Obésité et réponse au marketing alimentaire

Recherche Mis en ligne le 13 mars 2021
Ouvrir / fermer le sommaire

Des chercheurs de l’Institut du Cerveau, de l’INSEAD, du département de Nutrition de l’hôpital de la Pitié-Salpêtrière (AP-HP/Sorbonne Université), de l’EPHE et de University of British Columbia, apportent de nouvelles preuves d’une relation réciproque entre l’obésité et la sensibilité au marketing alimentaire et que cette relation n’est pas une prédisposition individuelle stable. Les résultats sont publiés dans le Journal of Consumer Psychology.

 

Existe-t-il une relation entre la réponse au marketing alimentaire et l’obésité ? Alors que le premier est souvent accusé de contribuer à l’augmentation de la prévalence de l’obésité dans la population, aucune relation entre les deux au niveau individuel n’a encore été établie, car les études de marketing portent rarement sur des personnes atteintes d’obésité. Si une telle relation existe, la chirurgie bariatrique, l’une des interventions actuelles les plus efficaces pour la perte de poids chez les personnes souffrant d’obésité sévère, influence-t-elle cette réponse au marketing alimentaire ?

 

Pour explorer ces questions, des chercheurs de l’Institut du Cerveau, de l’INSEAD, du département de Nutrition de l’hôpital de la Pitié-Salpêtrière (AP-HP/Sorbonne Université), de l’EPHE et de University of British Columbia ont étudié les réponses de 3 groupes d’individus aux tactiques classiques du marketing alimentaire consistant à présenter les aliments comme étant plus sains qu’ils ne le sont réellement. Le premier groupe était composé d’individus atteints d’obésite, puis 3 mois et 12 mois après une chirurgie bariatrique. Le second était un groupe de contrôle composé d’individus sans obésité.
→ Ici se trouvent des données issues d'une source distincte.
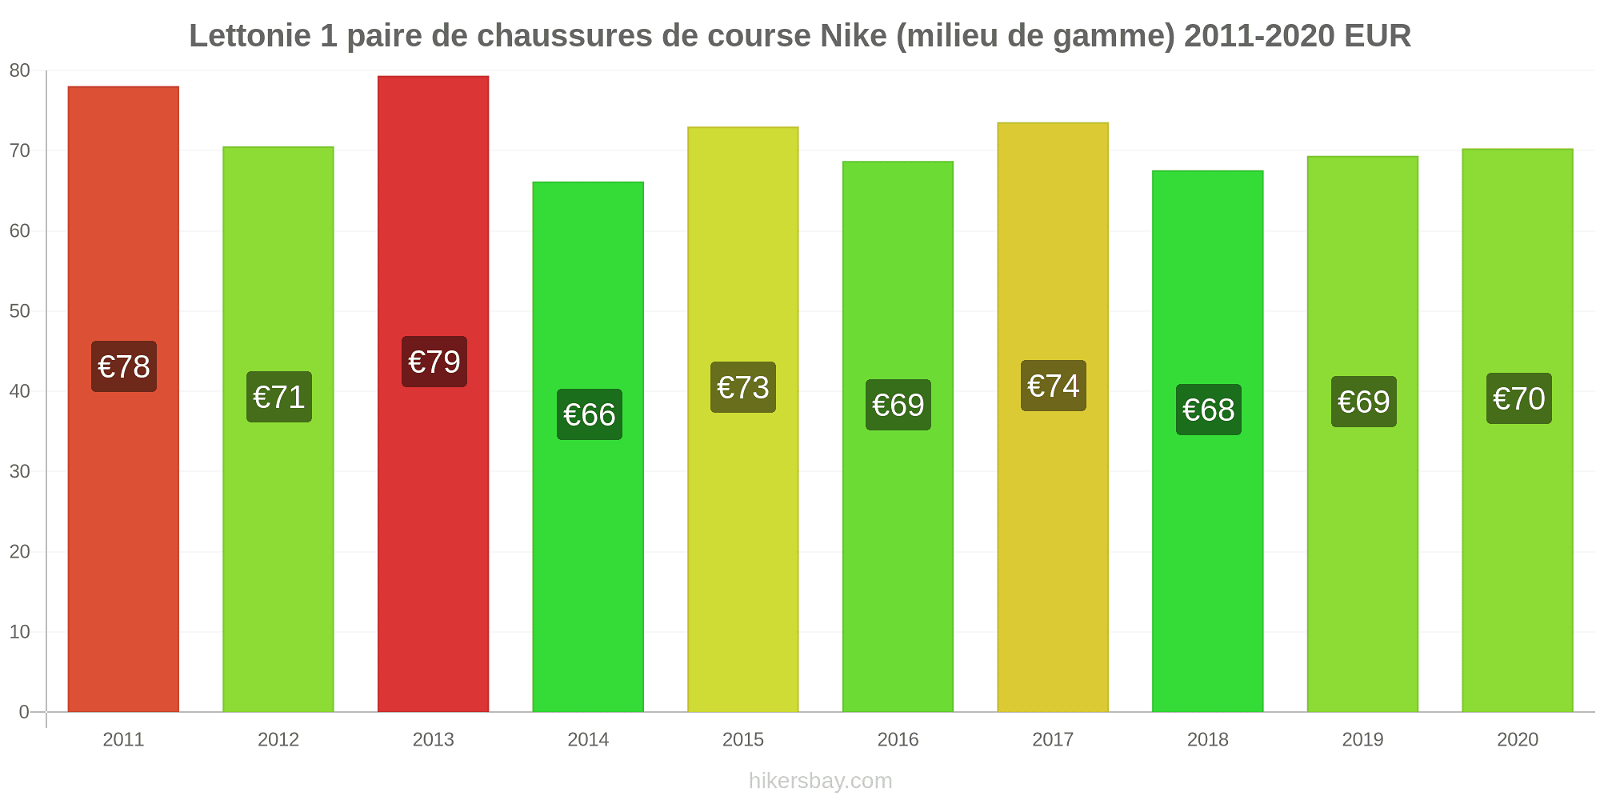 Lettonie changements de prix 1 paire de chaussures de course Nike (milieu de gamme) hikersbay.com

Le troisième était un groupe de contrôle composé d’individus atteints d’obésité mais qui n’avaient pas engagé de mesure pour perdre du poids.

 

Leurs résultats montrent que les patients atteints d’obésité ont réagi plus fortement aux tactiques de marketing alimentaire avant la chirurgie bariatrique, par rapport aux individus sans obésité. Il est toutefois intéressant de noter que ces différences se sont atténuées 12 mois après l’opération de perte de poids.

 

« Ce premier résultat est très important car il montre que la réponse au marketing alimentaire n’est pas nécessairement une disposition individuelle telle qu’un manque de contrôle de soi ou une grande sensibilité à la récompense chez les sujets souffrant d’obésité en soi comme on le pensait auparavant« ,

explique Hilke Plassmann, professeur de neuroscience de la décision à l’INSEAD et chercheur à l’Institut du Cerveau.

 

Une nouvelle possibilité ouverte par ce travail pourrait être l’existence d’une boucle de renforcement entre l’état métabolique de l’obésité et la réactivité au marketing alimentaire. Les personnes sujettes à l’obésité sont plus réactives au marketing alimentaire, qui à son tour diminue une fois que cet état métabolique est modifié vers un état métabolique plus sain (c’est-à-dire après une perte de poids allant de pair avec une normalisation des différents paramètres métaboliques).

 

La question de savoir pourquoi la chirurgie bariatrique est associée à une diminution de la réponse au marketing alimentaire reste une question intéressante pour des recherches futures. D’un point de vue neuroscientifique, une étude connexe co-signée par Hilke Plassmann et Liane Schmidt, entre autres, à l’Institut du Cerveau, a montré que les changements de la connectivité cérébrale au repos dans les systèmes de récompense permettent de prédire la perte de poids et sont corrélés aux changements post-chirurgicaux de leptine, l’hormone de satiété. Ces résultats laissent entendre que la chirurgie bariatrique a un impact bénéfique beaucoup plus complexe pour les patients, au-delà de la perte de poids évidente.

 

Source


Obesity and Responsiveness to Food Marketing Before and After Bariatric Surgery. Yann Cornil,  Hilke Plassmann,  Judith Aron‐Wisnewsky,  Christine Poitou‐Bernert,  Karine Clément, Michèle Chabert,  Pierre Chandon. Journal of Consumer Psychology. Feb 2021.